EXTRACTED RECORDS section start
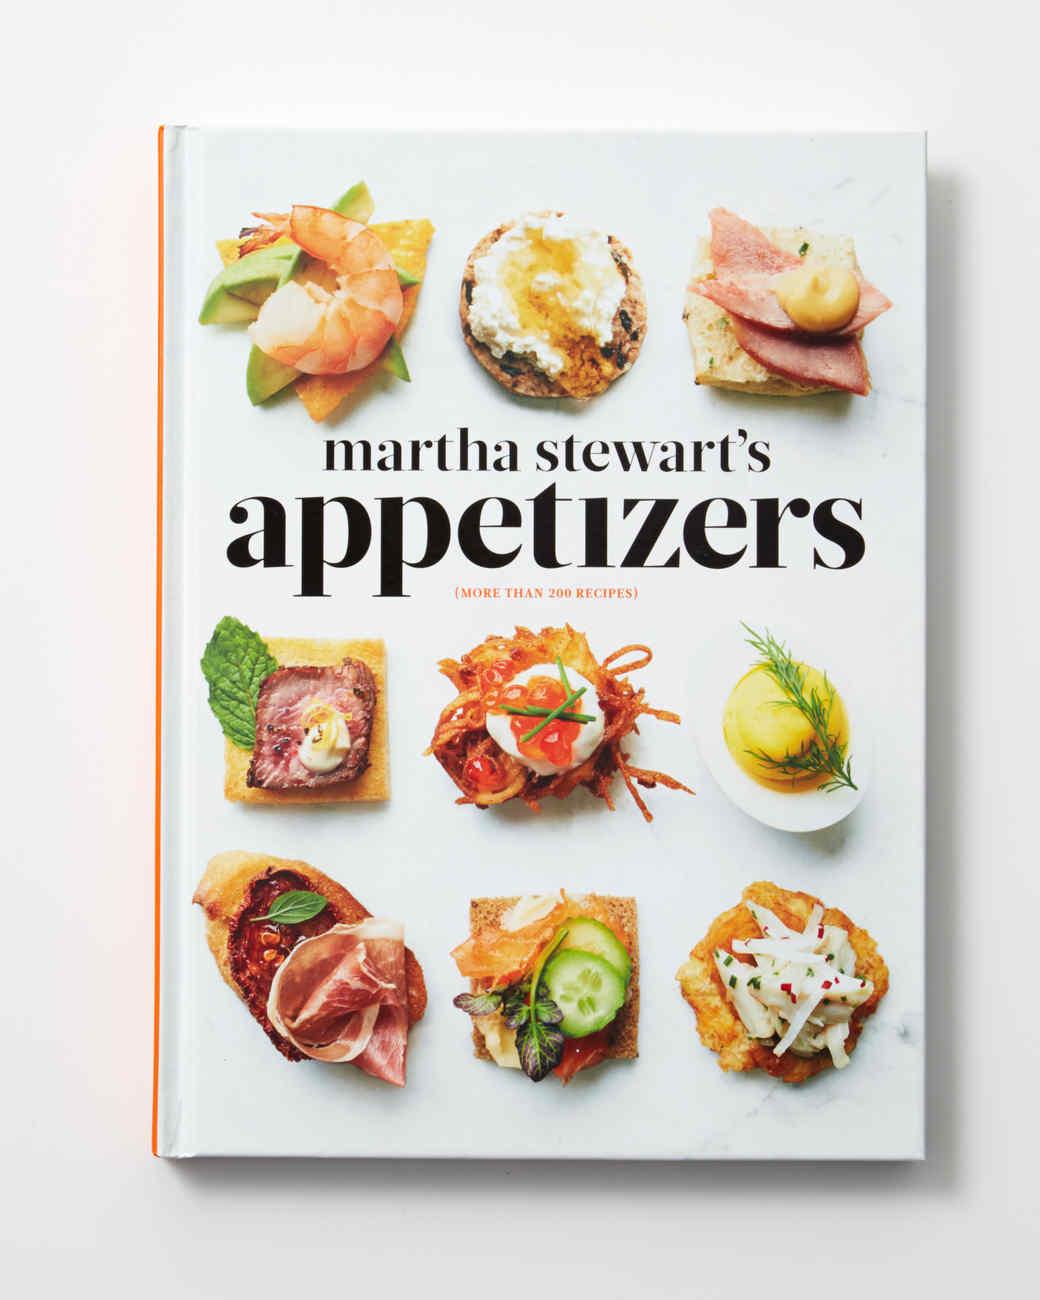 food-cookbook-2997-d112789-0116.jpg
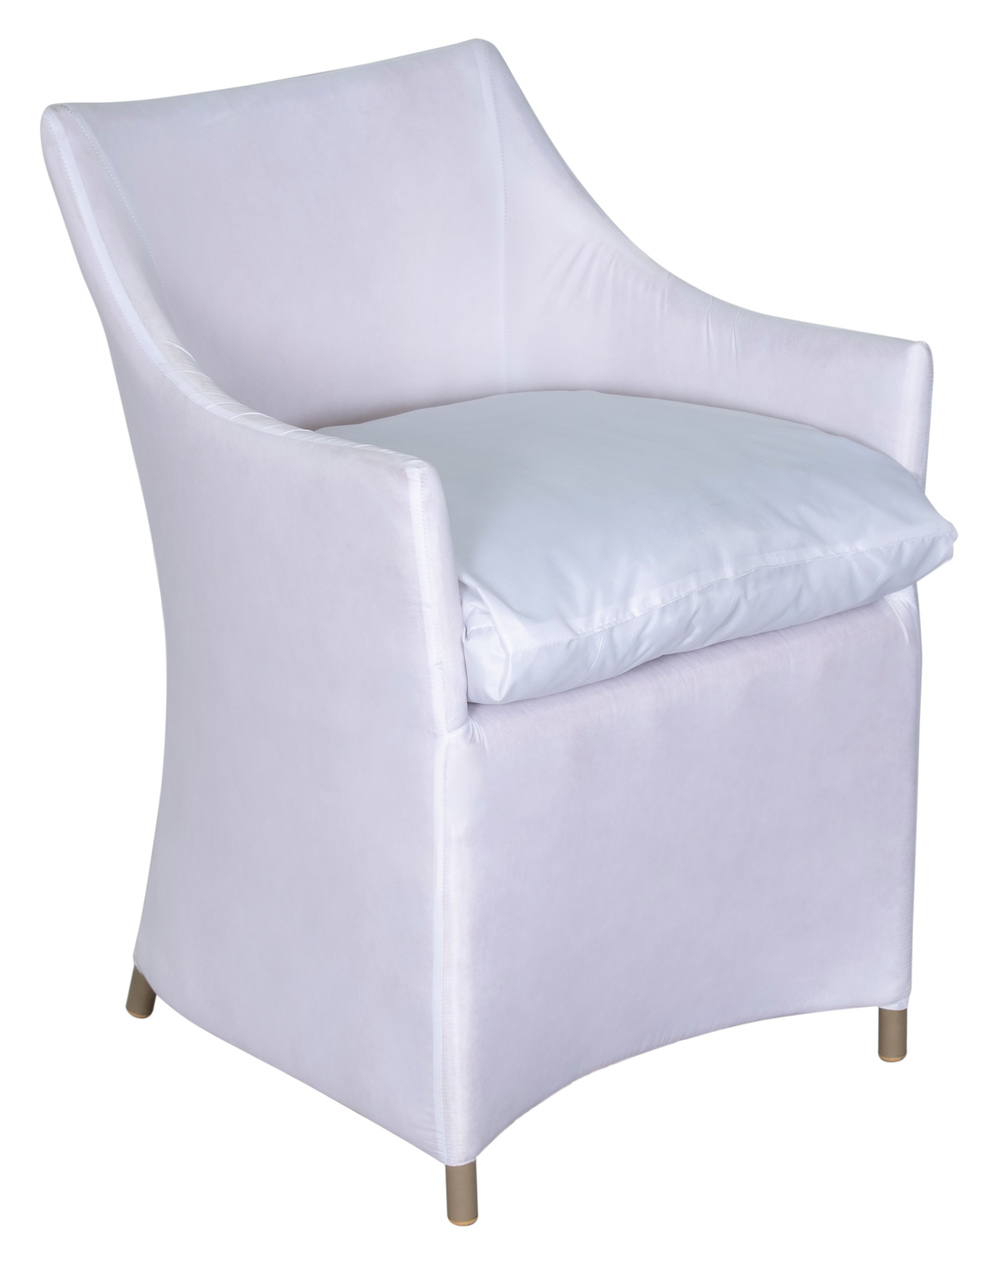 Seasonal Living - Capri Dining Chair, Set/2
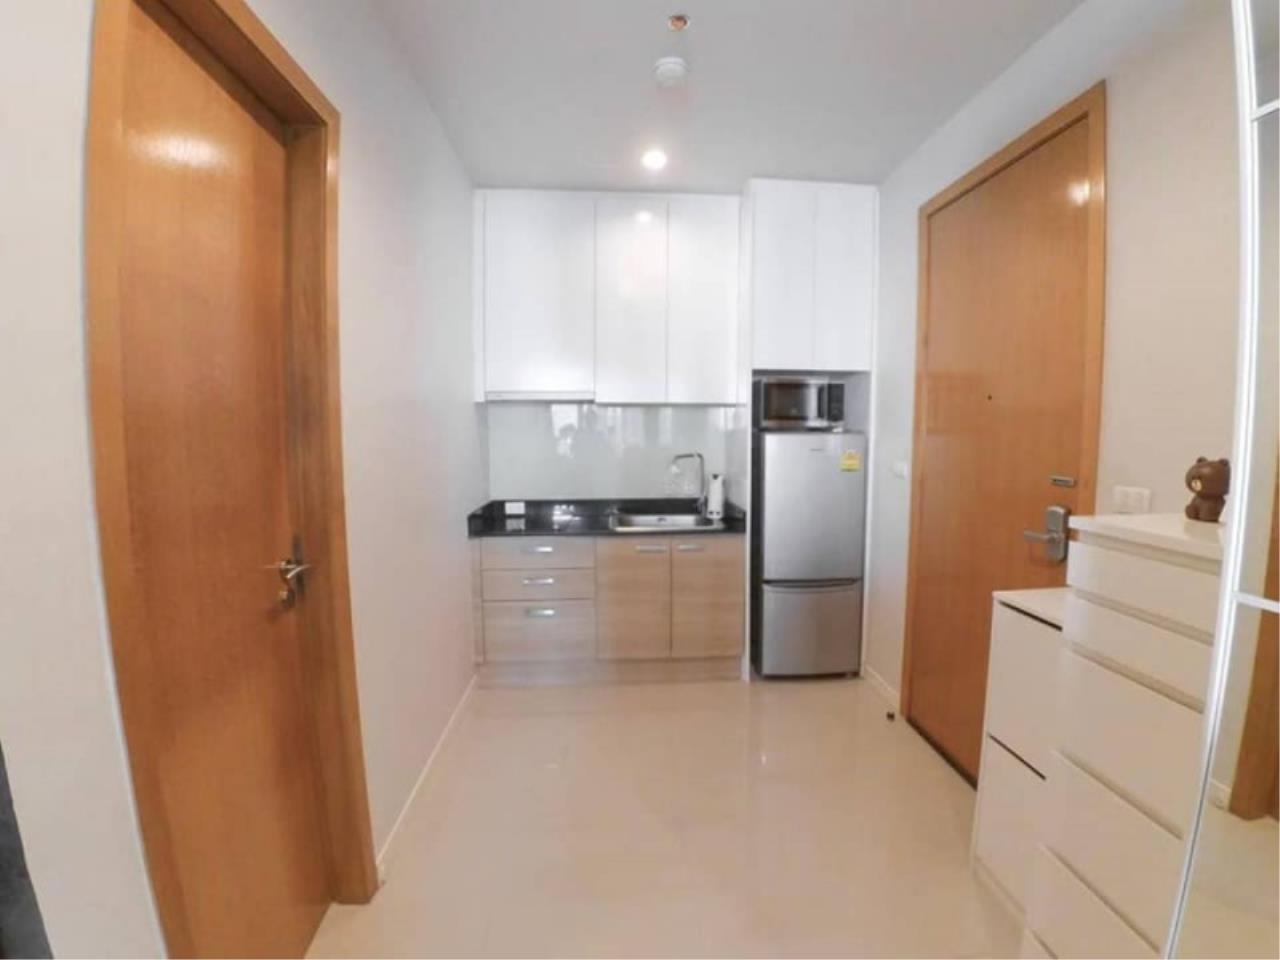 Century21 Skylux Agency's Circle Condominium / Condo For Sale / 1 Bedroom / 33.51 SQM / MRT Phetchaburi / Bangkok 4
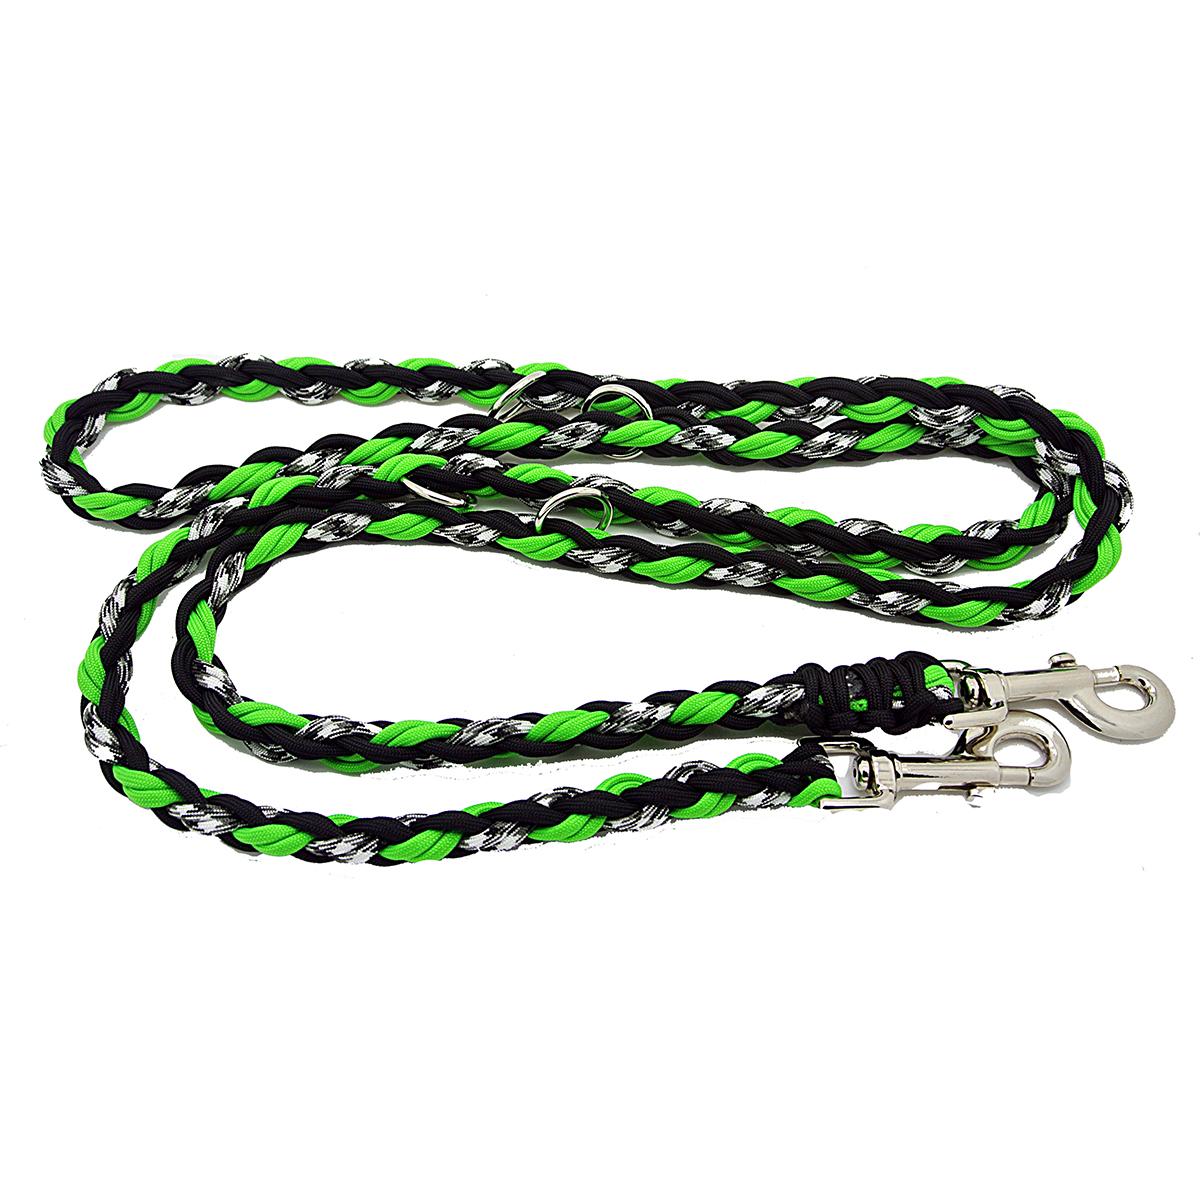 Ghost Multipurpose Dog Leash - Neon Green
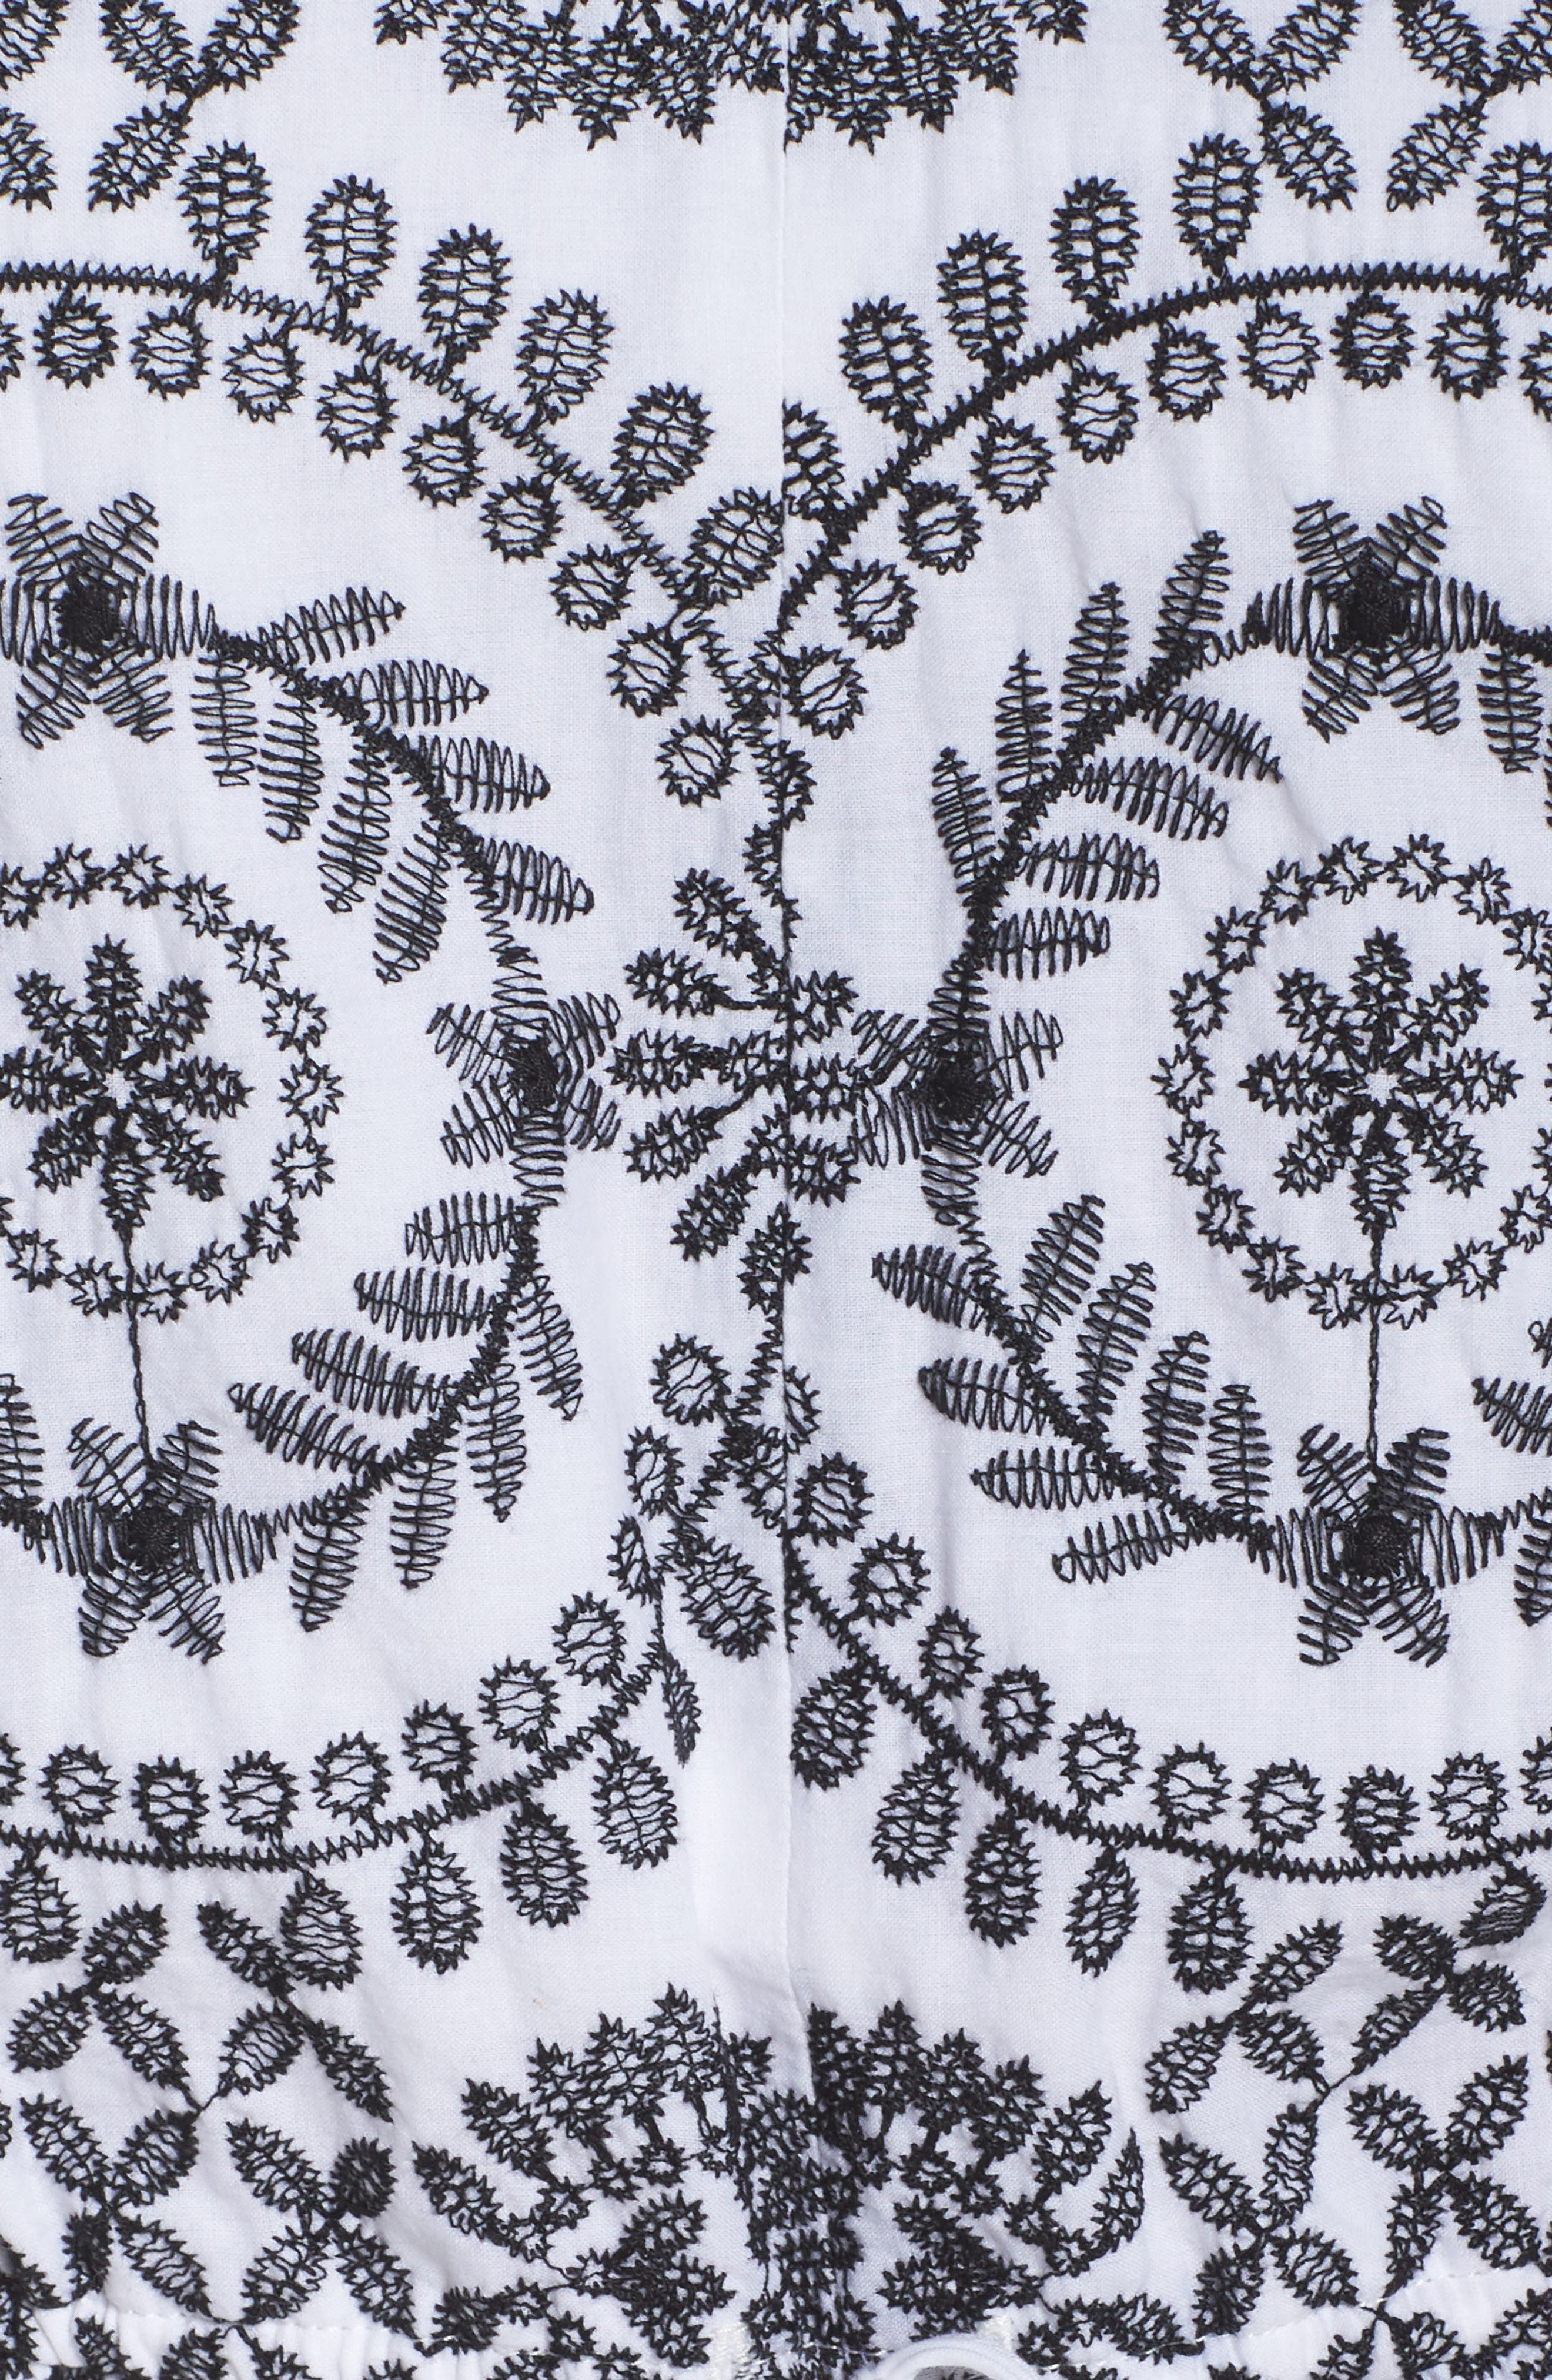 Embroidered Tile Pattern Dress,                             Alternate thumbnail 6, color,
EXTRACTED RECORDS section end
Please transcribe every entry above exactly, leaving out any pictures.

 food-cookbook-2997-d112789-0116.jpg
 Seasonal Living - Capri Dining Chair, Set/2
 Century21 Skylux Agency's Circle Condominium / Condo For Sale / 1 Bedroom / 33.51 SQM / MRT Phetchaburi / Bangkok 4
 Ghost Multipurpose Dog Leash - Neon Green
 Embroidered Tile Pattern Dress,                             Alternate thumbnail 6, color,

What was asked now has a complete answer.